Hi!
I am pretty irritated and cranky right now. I’ve realised I can be a VERY volatile person at times. Definitely not proud of it.
Two years back, I got pissed and got into and ugly fight with my closest friend. And we broke up. And then I decided I am breaking up with anger. Whenever anger, irritation, crank, frustration or any of their buddies crept in, I’d block it. Or put it somewhere else. Mostly like a run or a swim or whatever. Or a good old nap.
Lately, I’ve been noticing more of it. And that it makes me feel pathetic. And I am often not nice to people. WHICH I ZUPER HATE. And in case I have some work to do, I often do a shabby job. Or none at all. All in all, it’s just bad for me.
Good thing is I’ve learnt to shut up when I am fuming. So at least I don’t say thing I don’t mean + can not take back.
Now that I have lived on both extremes, I think it’s time to find a middle ground. Or like a sweet spot – which could be slightly diverging from the mid spot – but works well for me. I am sure there must be patterns and triggers and reasons. If something makes me feel a certain way – what are those things and ways, and how can I work around them?
Or just find myself a nice couch. Either way, we work on it!
Next thing.
Oh, I decided to not crib about things I can not control. Last 3 weeks, 70% of my convos have been college-is-not-giving and traffic-will-be-the-death-of-me. I think I just tapped myself out. I’d rather try and solve them. And if that doesn’t happen, I will probably just shut up. There must be better uses for my brain.
While coming to Juhu today, I was catching up some news. My favourite kind is the green stuff. You know, trees and turtles and sustainable businesses and innovation and disasters here and there. Especially in South-East Asia. My fascination with South-East Asia comes from the six months I spent with Climate Story Labs. I hope I find something. If not, I’ll make a mini-archive of the things I find. But I want a daily thing. And I don’t have the daily-thing kind of time on hand these days. No harm trying.

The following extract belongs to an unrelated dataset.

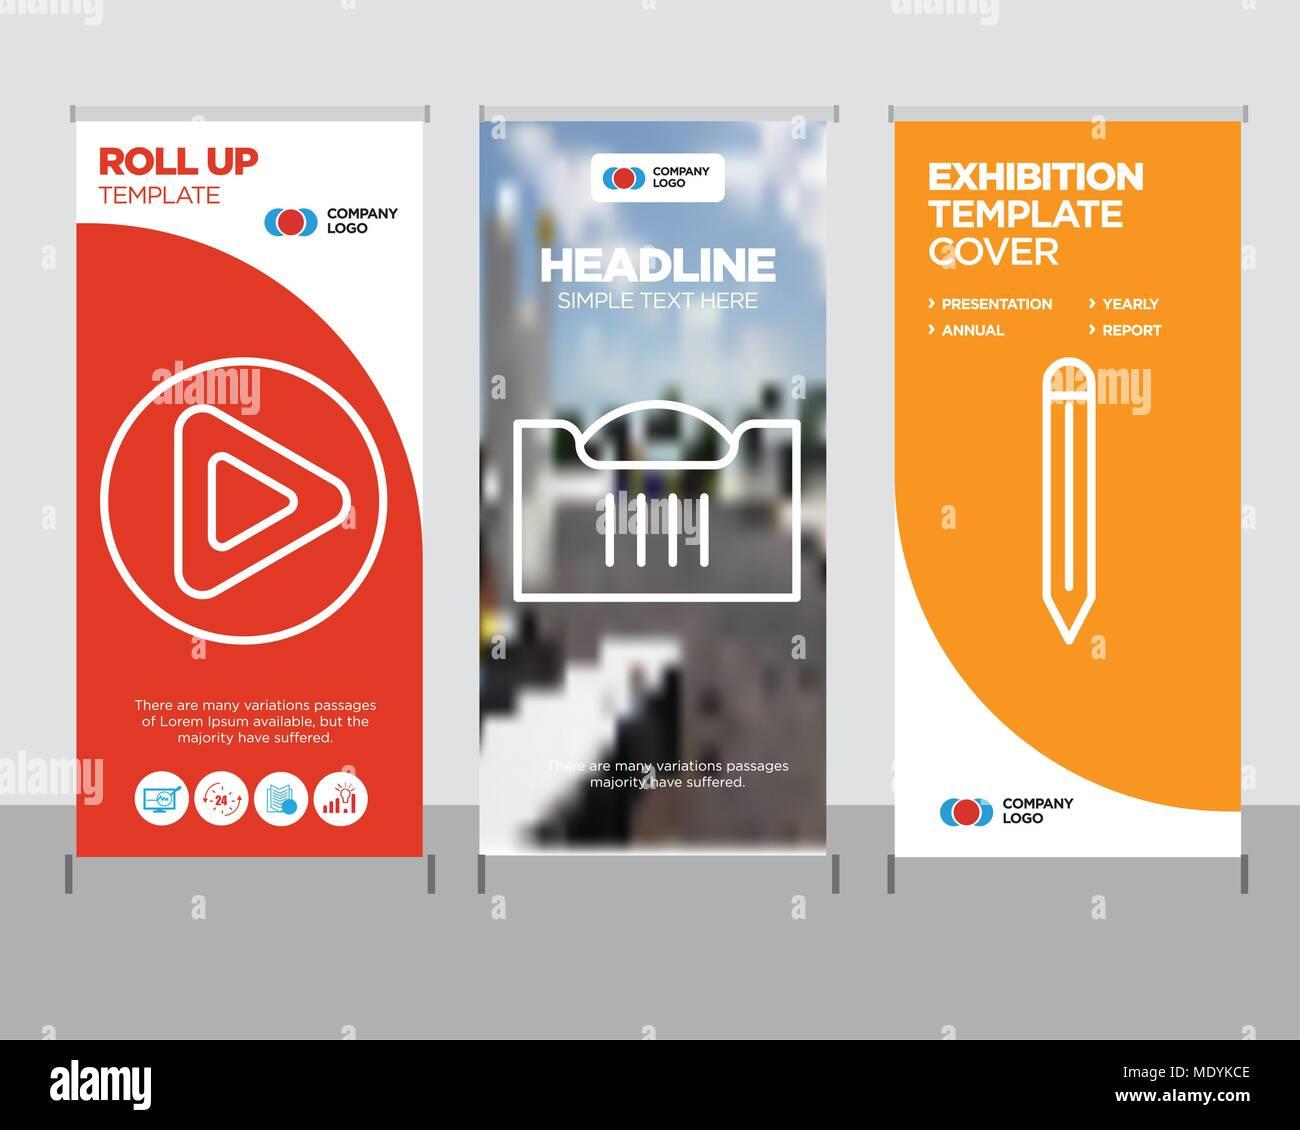 Tolle Online Warenkorb Vorlage Galerie - Entry Level Resume Vorlagen ...

Coffee-shops are AMAZING till 11 AM. Pretty empty, very quiet, little movement in my peripheral vision – ah, I love such places. Then people start coming in. One, I get distracted. Two, they’re loud. Very loud sometimes. Three, they sit like right next to me even if there are 15-20 tables to choose from. WHY?
Yesterday, we (SG, Prak, C, Me) met Prak’s cousin. A bunch of talk happened. One of the things The Elders were talking of was focus. Here’s a cool video reference from that conversation. Now, I’d give you a summary but what would you do then? Go watch, hehe.
I should get back to what I was doing.
Crank has been un-cranked.
See you around,
AK!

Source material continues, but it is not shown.